Man, that TV thing drives me and my roommate nuts. We can both hear it. For years, there was a house a block away from hers that had some kind of anti-critter device that made the same noise, we had to plug our ears whenever we walked past.
I can hear TV’s, too. And computer monitors. And when I was a kid, there was this one particular store I hated going into. There was always this sound a lot like a TV only higher and louder, and I hated it. I would refuse to go in, although sometimes I had to. No one else could hear it, my family thought I was nuts. Eventually the store changed management, and after that the sound was gone, and I never heard it again.
Then in college a voice teacher asked me if I heard alarm systems. I had no idea what she meant, and she told me some alarm systems use sounds that supposedly people can’t hear, only some people really can hear them. When she described it, I knew that must have been what I heard in that store.
I take the left/right balance thing further so, for example, if I touch something with my left hand, I repeat it with my right hand; then I touch it again with my right hand and then again with my left hand. If I just do left-right and leave it at that, I have the sensation of touching whatever it is in my right hand more so than in my left. I think my way kind of compensates because touching something twice in a row intensifies the feeling, and then going back to the original hand catches that hand up, so to speak.

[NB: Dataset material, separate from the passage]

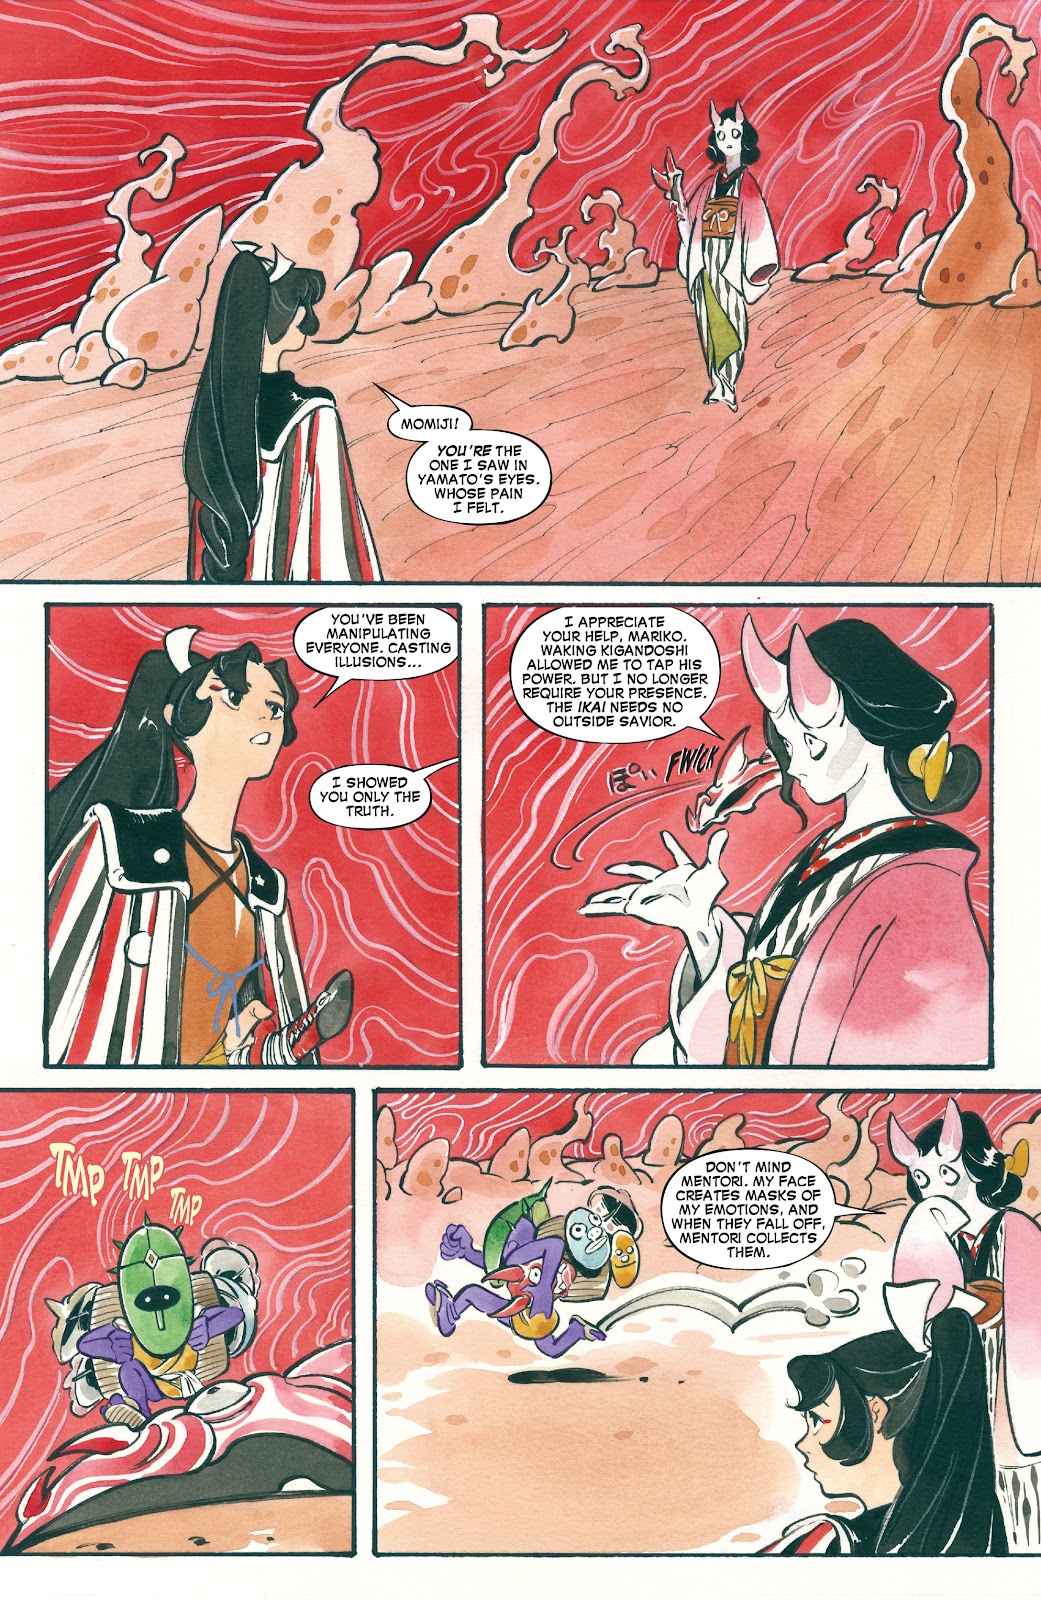 Demon Wars: Scarlet Sin issue 1 - Page 4

Did anyone understand that?
Even if I accidentally hurt myself, I have to go through the process, which sucks when I hit myself with a hammer or something, but for some inexplicable reason it drives me nuts NOT to do it.
Fortunately, two-hand typing is okay in that it doesn’t affect me the way other types of touching do.
If you’re talking about that high-pitched tone TVs make even when the volume is down, I can hear that. Also once I went in an Eckerd’s Drugs and thought I was going to be driven insane by some sound. At the time (I was a kid) I thought it was the flourescent lights. Never heard it that bad ever again, though.
Sometimes my monitor goes wonky and starts whining at an almost superaudible level. If I change resolutions and back it stops.
I always thought people with normal hearing could hear these things.
Originally posted by RedDevil
“I also enjoy singing “Fame” in a odd voice. It’s hard to describe, it’s not exactly nasal, but more from the back of my throat but sounding nasal. I sort of close my throat and the back of my tongue stays on the palate. I can’t get past “I’m gonna live forever” without dissolving into giggles.”
A friend and I used to sing what we imagined “Bob Dylan and Tom Petty: A Very Special Christmas” would sound like.
…chestnuts rooaasting onan owpen faaahhr, eee…
I still do it sometimes, but it’s not the same without D.